Let’s suppose however, that the queue did not have any available sessions to hand out at the time. If that’s the case, then we simply build another session object, add it to the queue, pulse a monitor and the caller will get the newly created session to go and work with. There is one caveat to this, the Session Pool Manager has a property MaxSessions. If the total count of sessions has reached the MaxSessions count then the Pool Manager will simply block until a connection becomes available.
Given the need to max out at a specific session count we will need to store the total count of sessions that have been created. We can use one data structure to kill two features.
As I noted previously, we have the opportunity to connect to multiple thrift servers on the cluster, meaning we can distribute our query load across the region servers. For random reads, our case, the simple approach of a evenly balanced round robin distribution is actually the most efficient approach spreading load across available regions servers.
To implement the load distribution, there is a second collection of
Dictionary<Connection, int> where we keep the connection object
created from config parsing and an int to track the count of instances.
Finding the next connection to build a session with, is a matter of selecting
the Min() of values from the dictionary. Additionally, finding out if we have
reached our MaxSessions can be as simple as running a Sum() across the values.
Obviously there are some potential threading issues with this approach, given
that the increment & decrement of the values in the dictionary cannot be
done without locking the dictionary. The reality however, is that the
MaxSessions value is guidance. If we end up blocking for a moment or
accidentally creating an extra session, there is really no harm.
The next feature we need is over on the Session object itself. If, for some reason, we encountered an error while using the session, perhaps the socket closed or the read timed out, then we want to track that with the session.
Here’s the case: the session’s connection encountered an error an timed out, the session was then re-queued into the Pool Managers Queue. By storing the last know state (perhaps using an enum) you can test the connection with a high speed lookup before handing it to the next caller. If your remote call fails, then you can pass the session to an async method for destruction and continue on by getting another session from the queue (one may be built for you in the background).
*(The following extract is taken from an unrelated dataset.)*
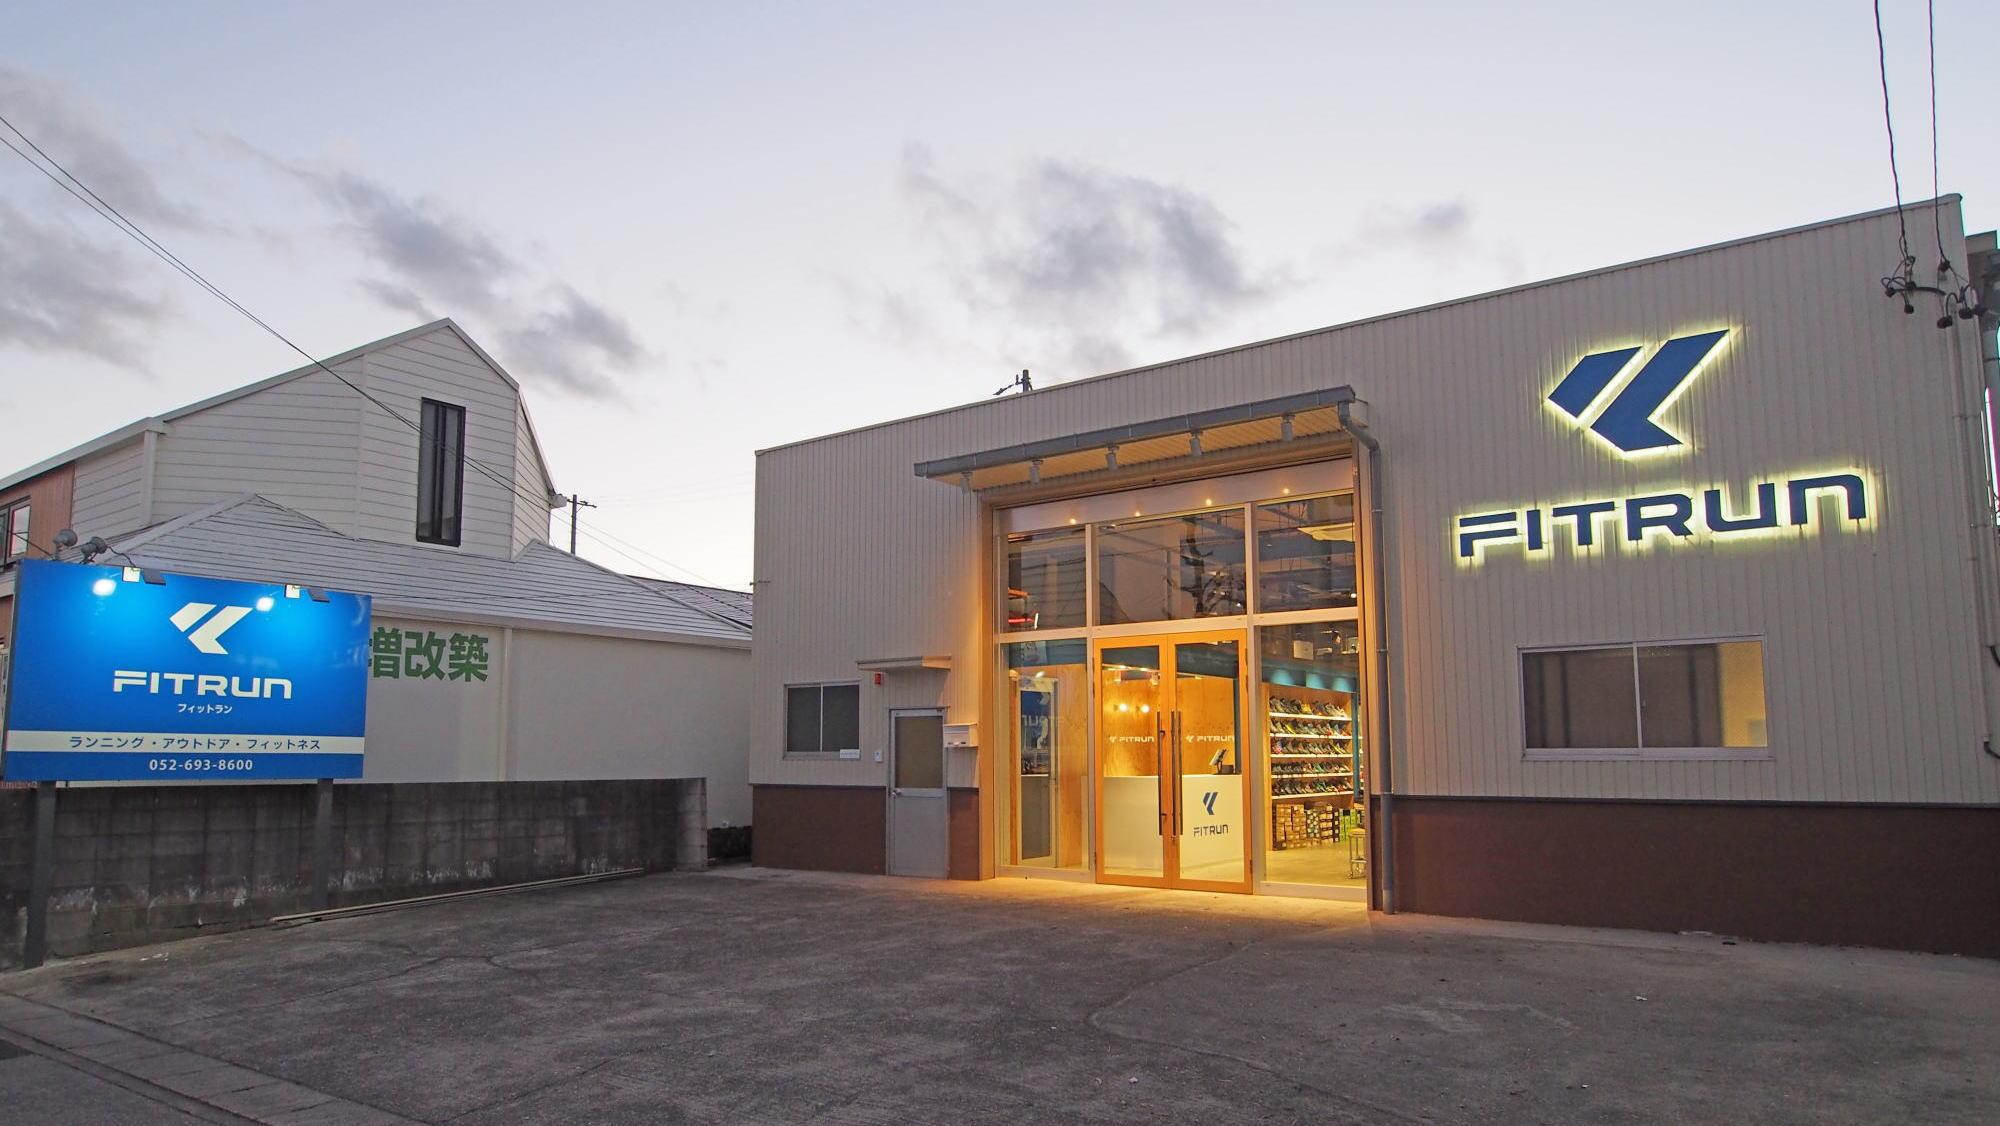 名古屋市緑区のランニング・トレイルランニングショップ「フィットラン」FITRUN
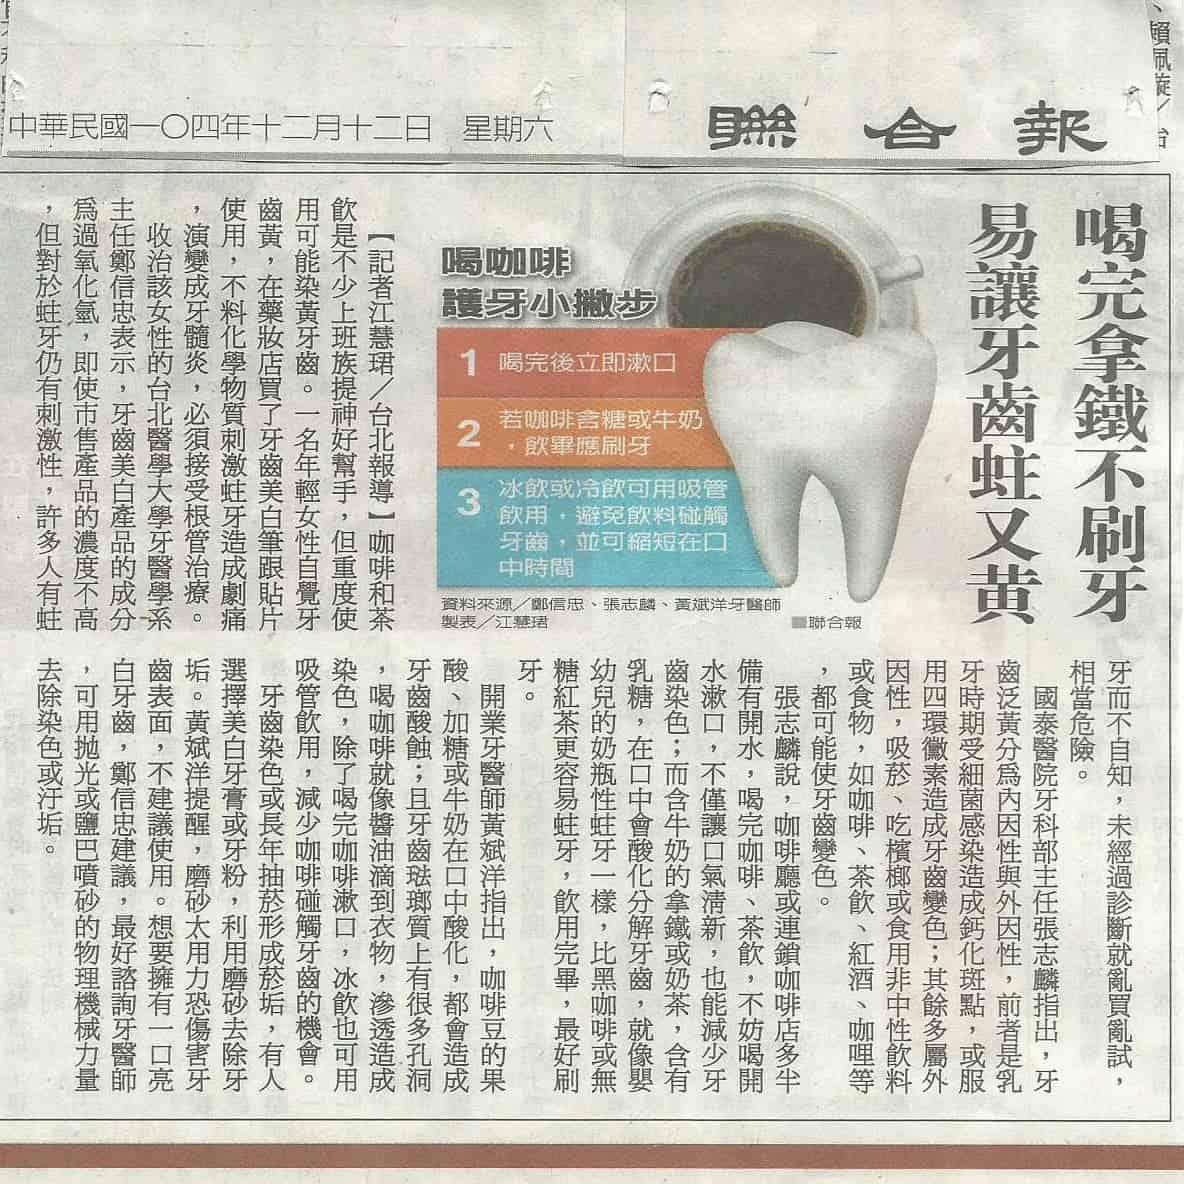 拿鐵喝完不刷牙-易讓牙齒蛀又黃-聯合報UDN元氣網-柏登牙醫衛教資訊

Another possible issue is that a region server is down and therefore building any connections to it is a waste of time. The simplest way to combat this is to continue to destroy failing connections and let your pool slowly migrate over to the other good thrift servers. Each time a caller asks for a new session the dictionary look up will first return the down node, since it has the least number of active connections. An attempt to connect will fail, the session can then be destroyed and the SPM tries again with the next least active session. This loop continues until you have exhausted the list of connections in the dictionary.
Testing the failed node can continue in through this process until it comes back on line, at which point we will want to begin to rebalance. Rebalancing the pool is as simple as expiring old sessions before handing them out. By keeping a created property on the session, you can asynchronously destroy old sessions when you come across them, before handing them back to callers.
This whole approach to session pooling is a passive producer/consumer approach that supports a multi-threaded environment like a DataAPI. I encourage you to do some research around the topics involved before writing your own. For instance, Jon Skeet has a blog post that would be a great place to start for producer consumer multi-threading, available here. My last bit of caution is to keep management state light; try to keep your approach as functional as possible. Feel free to ask questions or tell me I am an idiot in the comments section below.